春といえばぽかぽか陽気で、愛犬が熱中症になる心配はないように思えますが、実は、春の熱中症は意外と多いのです。
ゴールデンウィーク前後から、熱中症で動物病院に運び込まれる犬が急増します。
真夏のような気温ではないのになぜ!?と疑問が湧きますよね。
今回はそんな、気をつけたい愛犬の熱中症の原因と予防法を解説いたします。
みなさんの愛犬を守る対策の参考になさってください。
なぜ春に熱中症?
春に犬が熱中症になってしまうには3つ原因があると考えられます。
犬は熱が体にこもりやすい
人間は全身に汗腺があり、気温に合わせて汗をかくことで熱を体外に放出し、体温を調整できます。
一方、犬の汗腺は肉球部分にのみあり、肉球に汗をかいても体温調整するほどではありません。犬は主に、口でハァハァ息を吸うことで体の熱を放出します。
そのため私たちにとっては、さほど暑いと感じない気温でも体に熱がこもりやすく、熱中症になってしまう場合があるのです。
春先はまだ犬の体が暑さに慣れていない
ダブルコートの犬に多いケースです。
寒い時期には寒さから体を守るよう、下毛(アンダーコート)が冬仕様になっています。
春になるとともに換毛期を迎え、今度は暑さに対応した被毛に変え変わるのですが、暑い時期に向けて被毛が生え変わる「換毛期」が済んでいない状態だと、冬用の下毛(アンダーコート)があるせいで、犬の体には熱さが体にこもり、熱中症になることがあります。
熱中症の発症リスクは湿度が高いと上がる
熱中症は、気温だけが関係しているわけではありません。
湿度も十分関係していて、気温が20~25度、湿度が40%を超えると熱中症になりやすいといわれています。
春の天気は変わりやすく、急に湿度が上がる日などがあるので注意が必要です。
犬の熱中症の症状
犬は体温が上昇すると、体の熱を下げるためにパンティングと呼ばれる「ハァハァ」と激しい口呼吸をするようになります。
そして体の熱を外に放出しようとするのですが、気温や湿度が高かったり、気道に問題があったりすると、うまく体温が下げられません。

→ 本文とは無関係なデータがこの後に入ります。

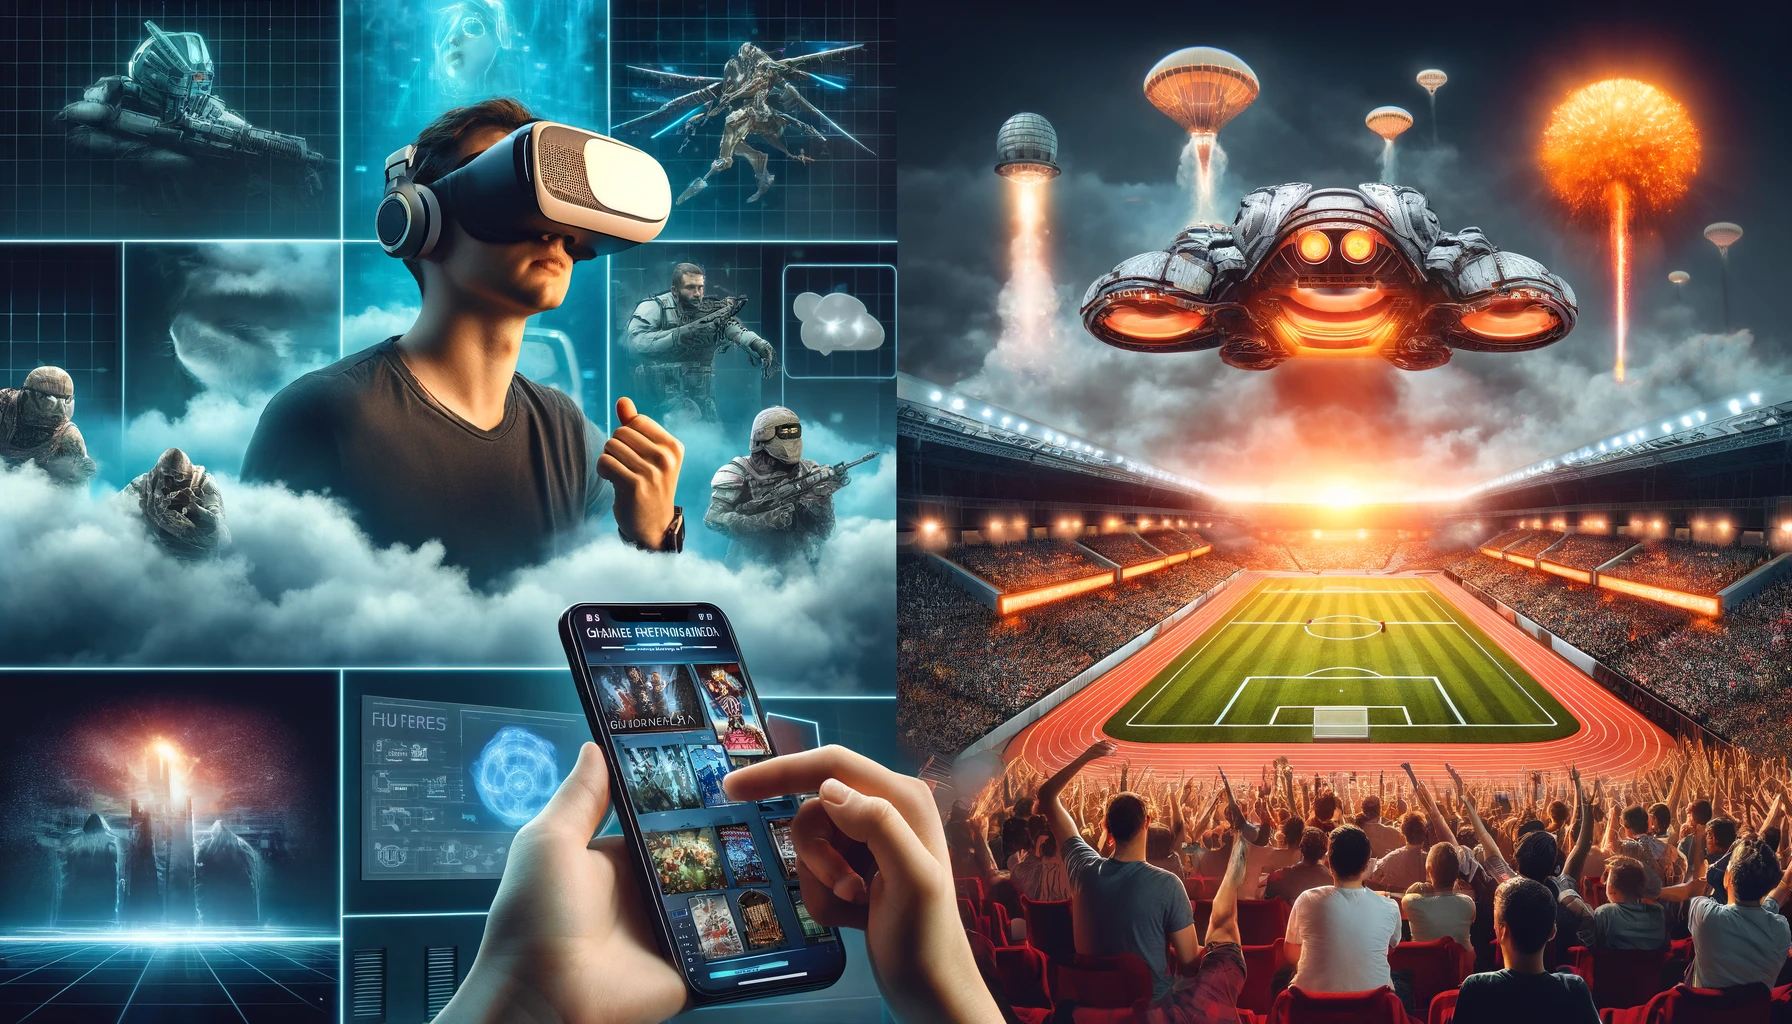 Collage: Top left shows a person in VR headset; top right, a phone with a cloud gaming platform; bottom left, an esports stadium; bottom right, traditional and futuristic gaming controllers.

体温が高い状態が続くと、様々な臓器の機能に障害が及び、脱水症状に陥ることもあり、大変危険です。
犬の熱中症の症状を把握し、愛犬が重度の熱中症になることを避けなければなりません。
初期症状
- パンティング(ハッハッと激しく口呼吸すること)
- 心拍数が早い
- 身体を触ると熱い
- 口の中や舌の色が赤い
- よだれが多い
- 動きたがらない
- 落ち着きがなくなる
- 水を自分で飲まない
- ご飯を食べない
- ボーッとしてふらふらする
など
犬の体温は小型犬では38.6~39.2℃、大型犬では37.5~38.6℃くらいで、40.5℃を超える場合、高体温状態と考えらます。
42°Cを超えてしまうと、命の危険もあります。
上記のような症状があるかどうかが熱中症を見分ける基準になります。
また、症状が出る前の愛犬がどこでなにをしていたかも確認しましょう。